BTW, the courts derive from Article 3. Guess under your view they too cannot do anything with respect to copyright law.

They sure can’t. They must enforce the law as written by Congress, subject to the Constitution.

They could not, for example, sign an agreement with judges in foreign countries, “harmonizing” search-and-seizure laws.

Anonymous Coward says:


Given your clear interest in law, I do hope should you ever decide to pursue law as a profession that you not answer an Article 2 question in Constitutional Law as above. It would lower what I believe would otherwise be an admirable GPA.

The Constitution is a remarkable document, but like any other is suffers from the inability of its drafters (just like those who draft legislation) to address each and every issue that might ever arise in the future. Hence, in addition to express powers, constitutional jurisprudence long ago recognized the need to acknowledge the existence of implied powers.

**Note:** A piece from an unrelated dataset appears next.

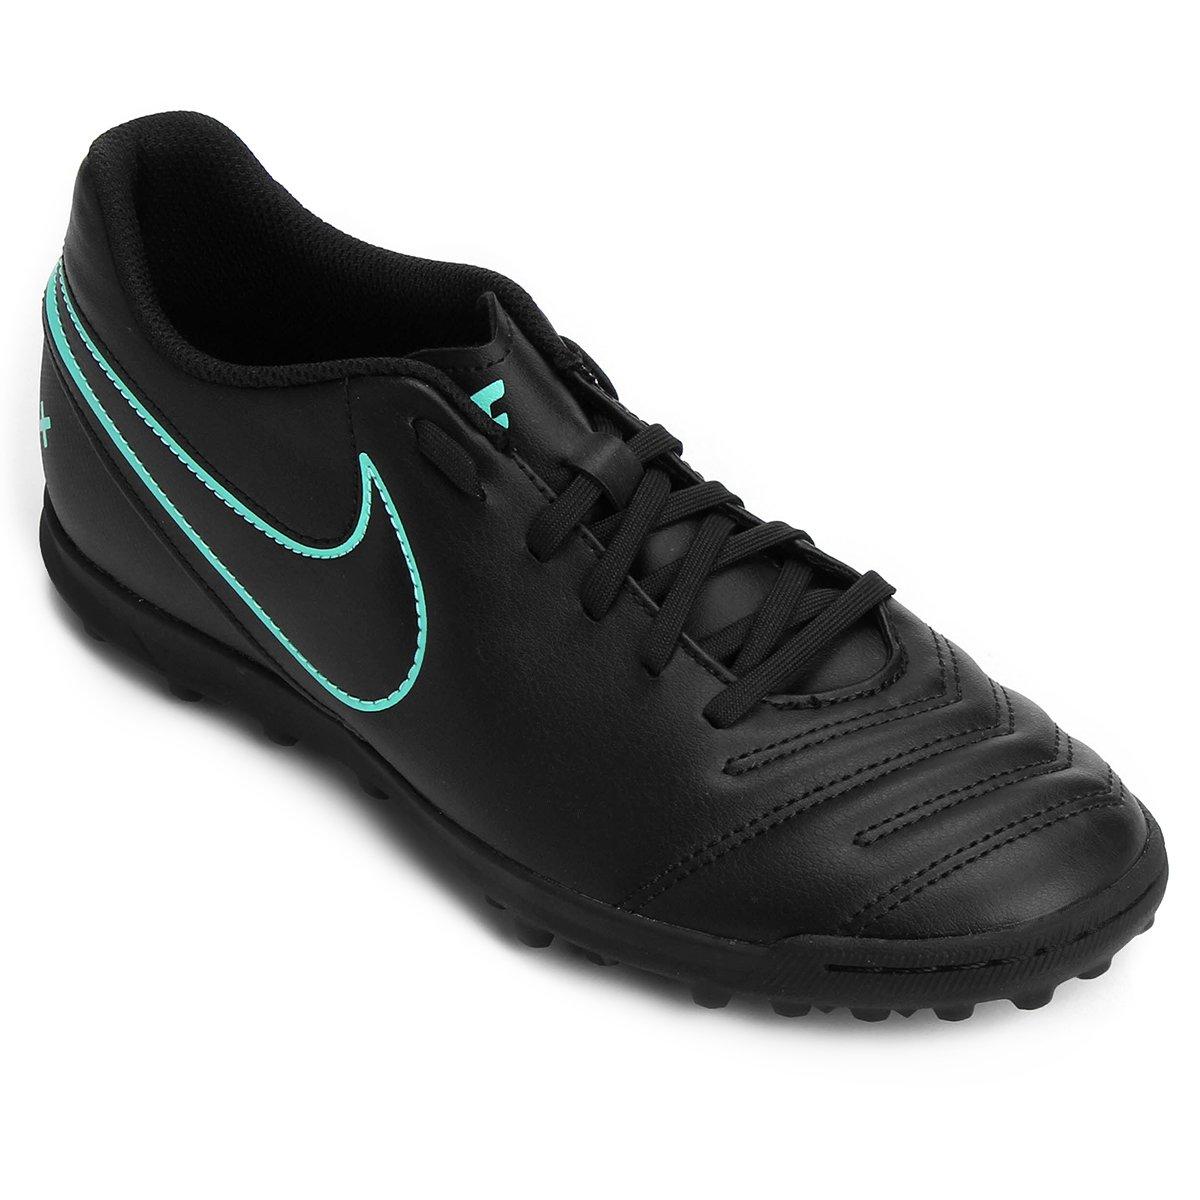 Chuteira Society Nike Tiempo Rio 3 TF - Preto

As easy as is may be to default to the express language contained in the document, slavish reliance on only that which is specifically expressed would bring the functioning of government to a halt. Hence, the law is much more nuanced than many appear to believe.

TaCktiX (profile) says:


The only problem with that logic is that if implied powers are taken to their extreme (as the ACTA executive agreement brings center stage), the checks and balances built into the Constitution are essentially null and void. I hope I don’t have to explain why that is a bad thing. There may be shades of gray, but in this case it’s so close to black it might as well be.